## SOURCE MATERIAL
____________________
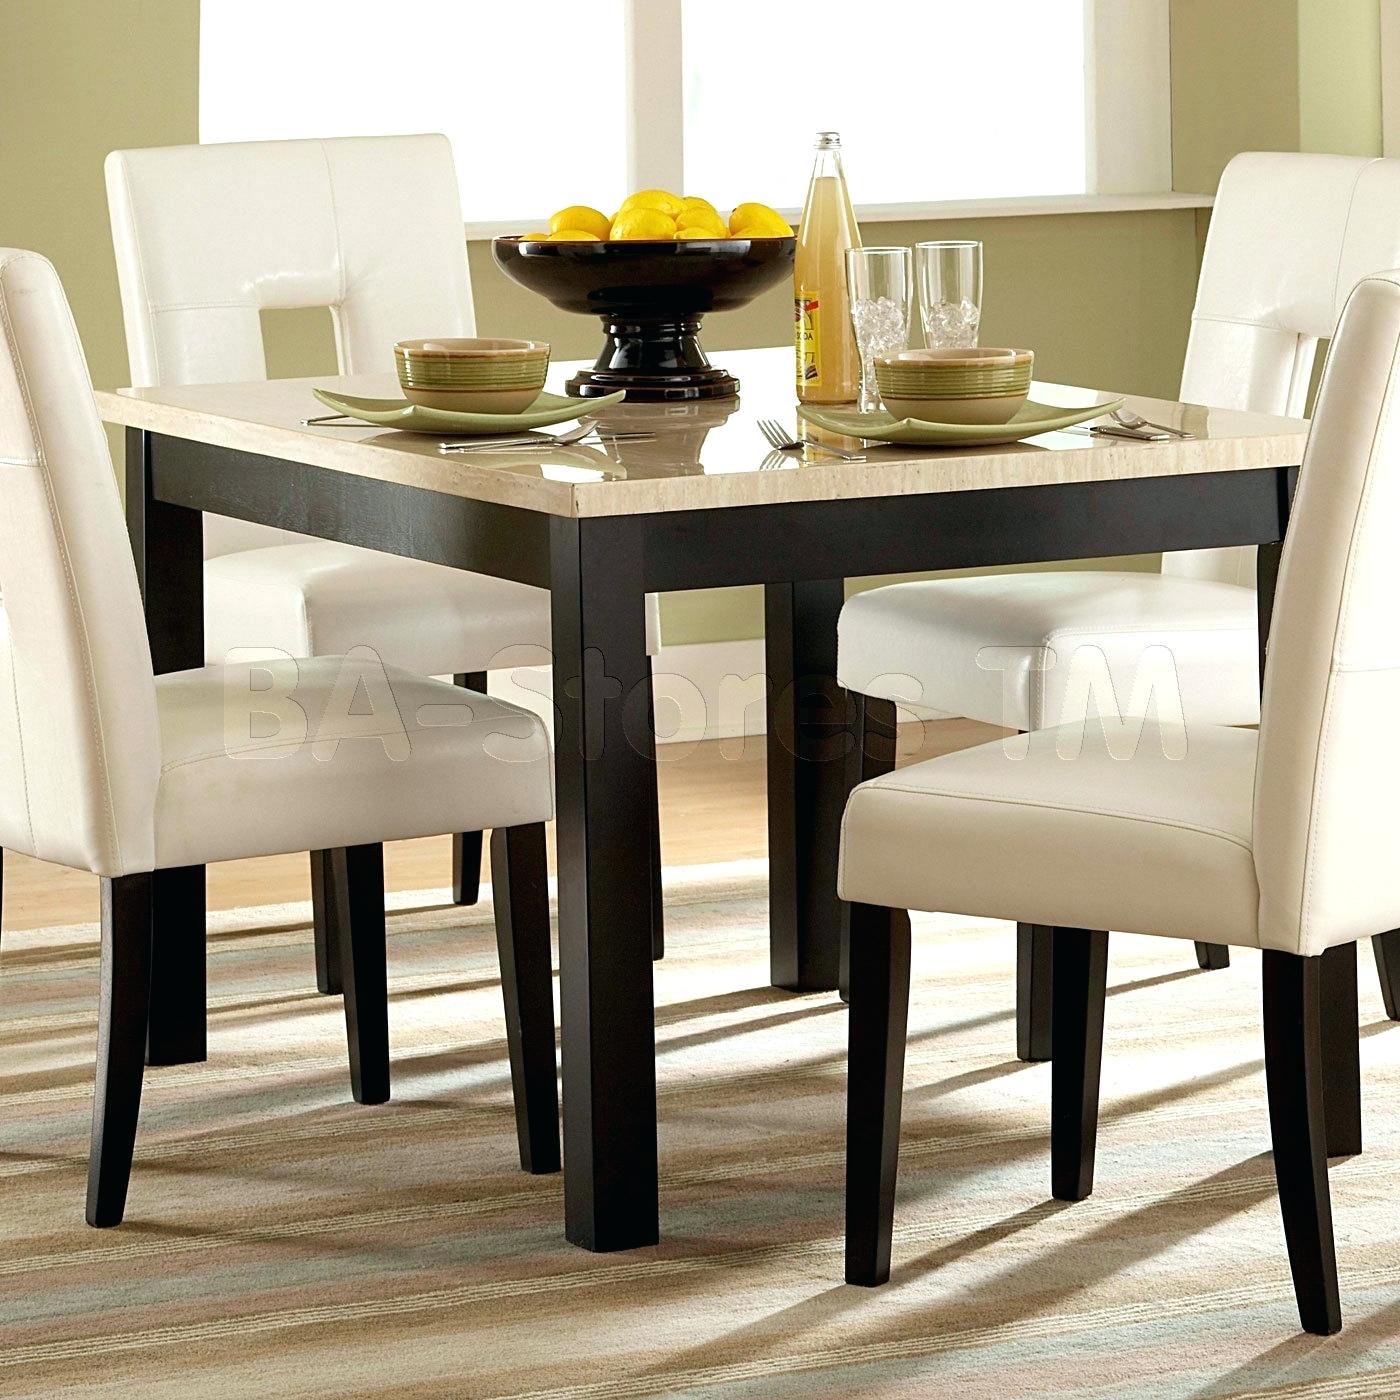 Square dining table seats 12 | Hawk Haven
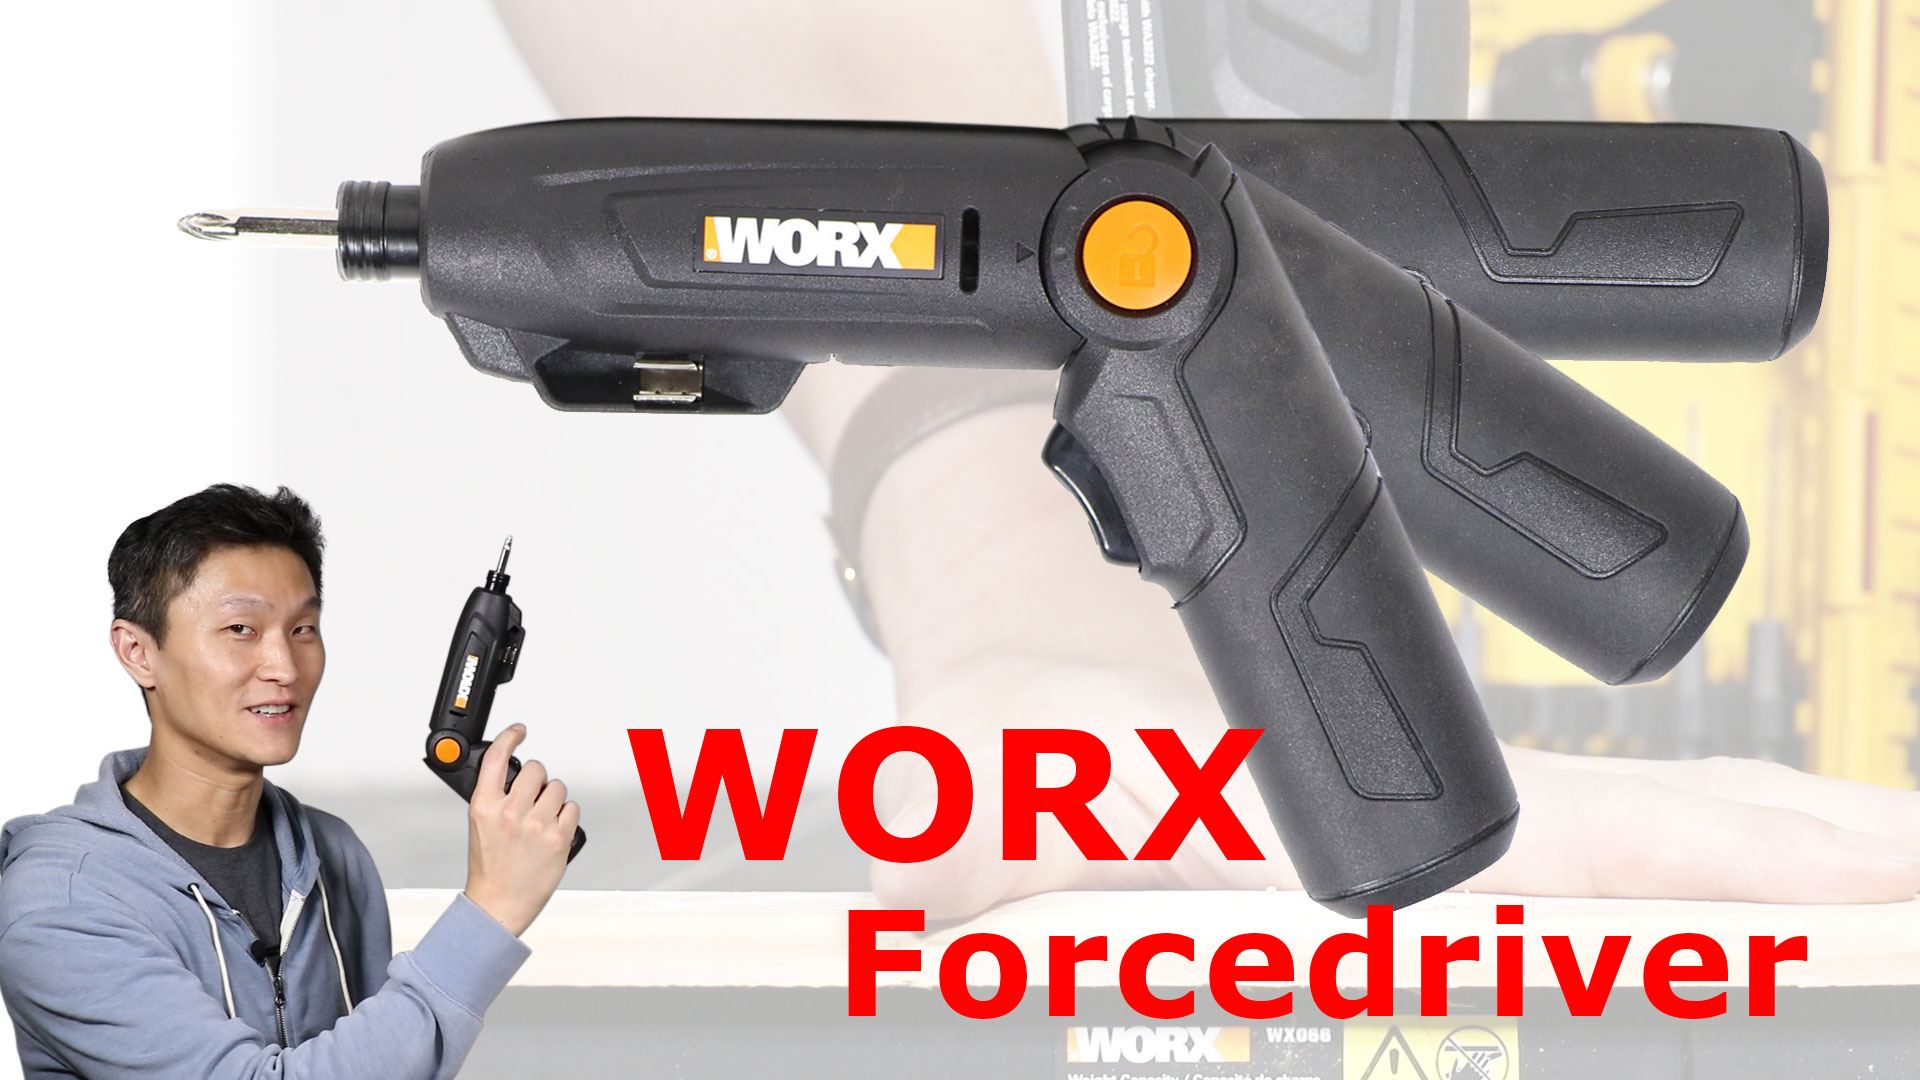 WORX Forcedriver video
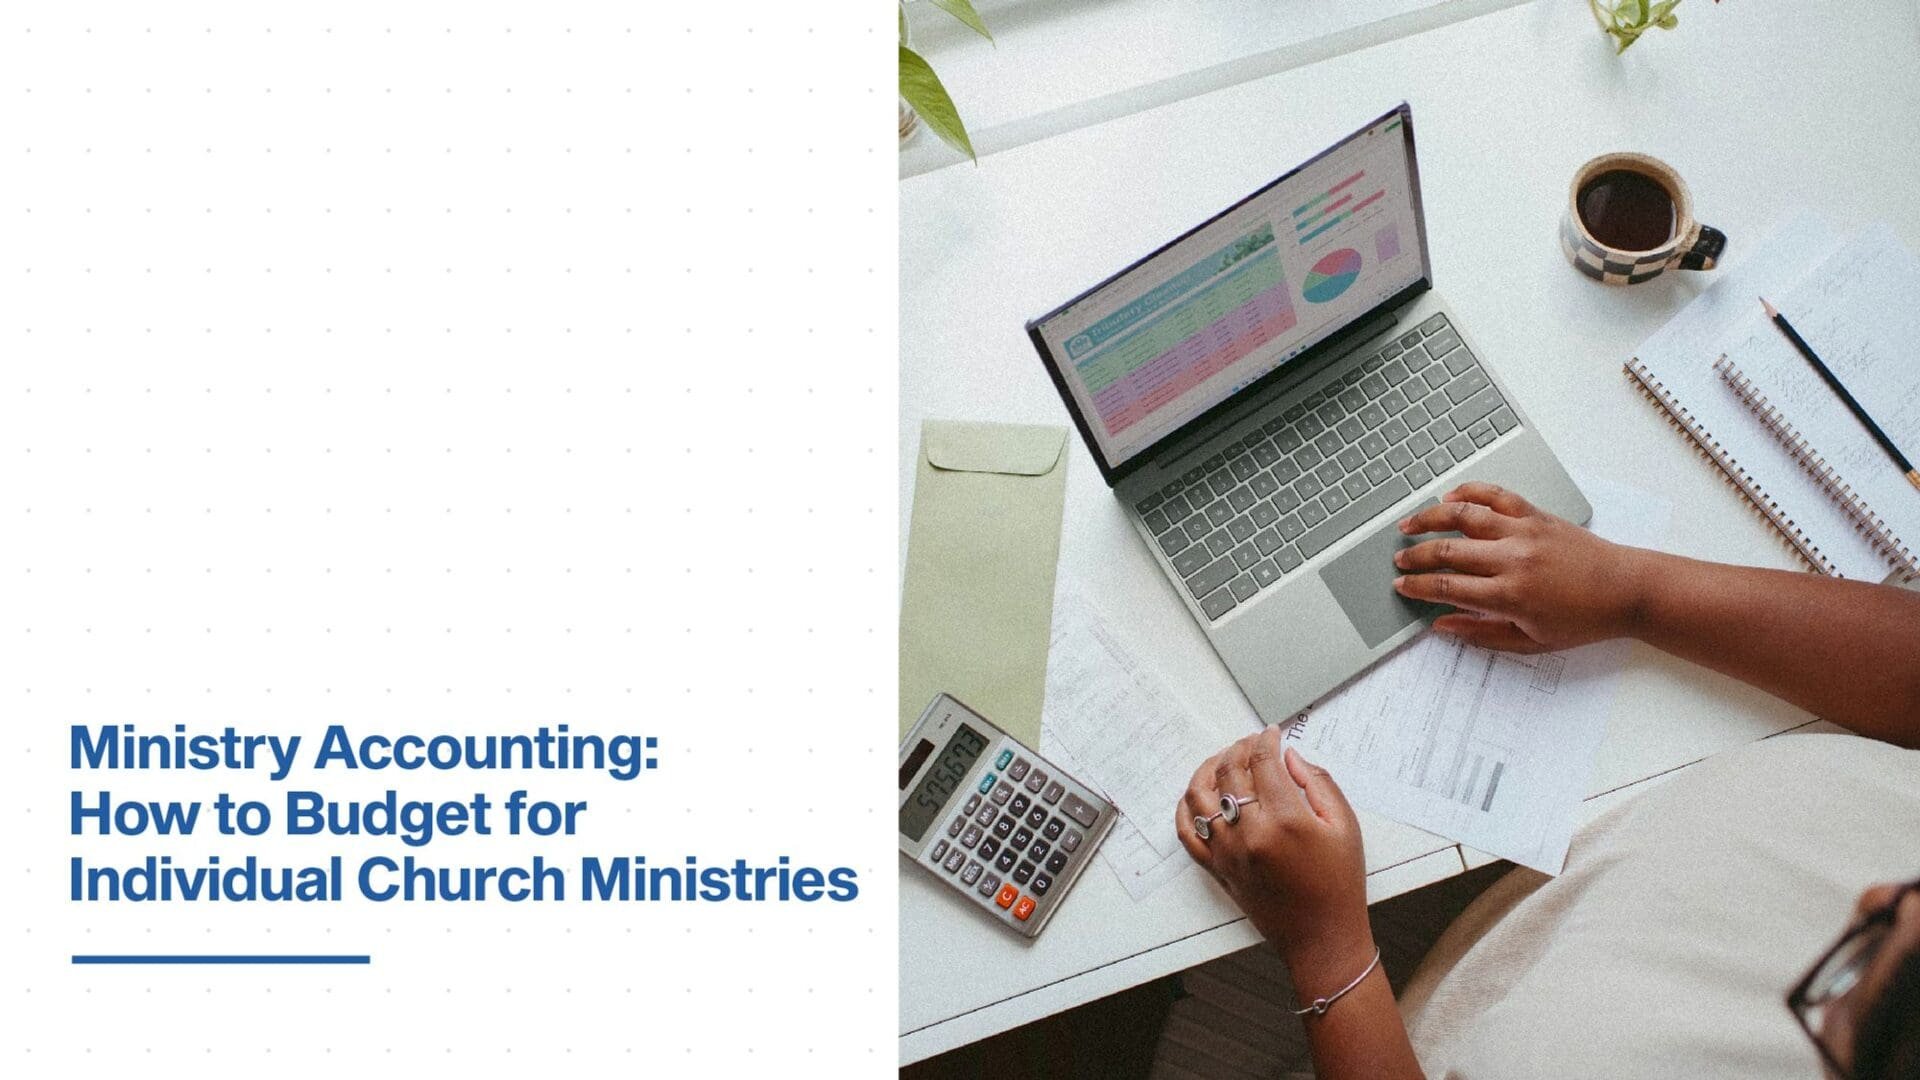 Accounting for ministries
____________________
## WORK TASK
Pictures are to be left out; repeat all the remaining data exactly.

## OUTPUT FOR THIS TASK
 Square dining table seats 12 | Hawk Haven
 WORX Forcedriver video
 Accounting for ministries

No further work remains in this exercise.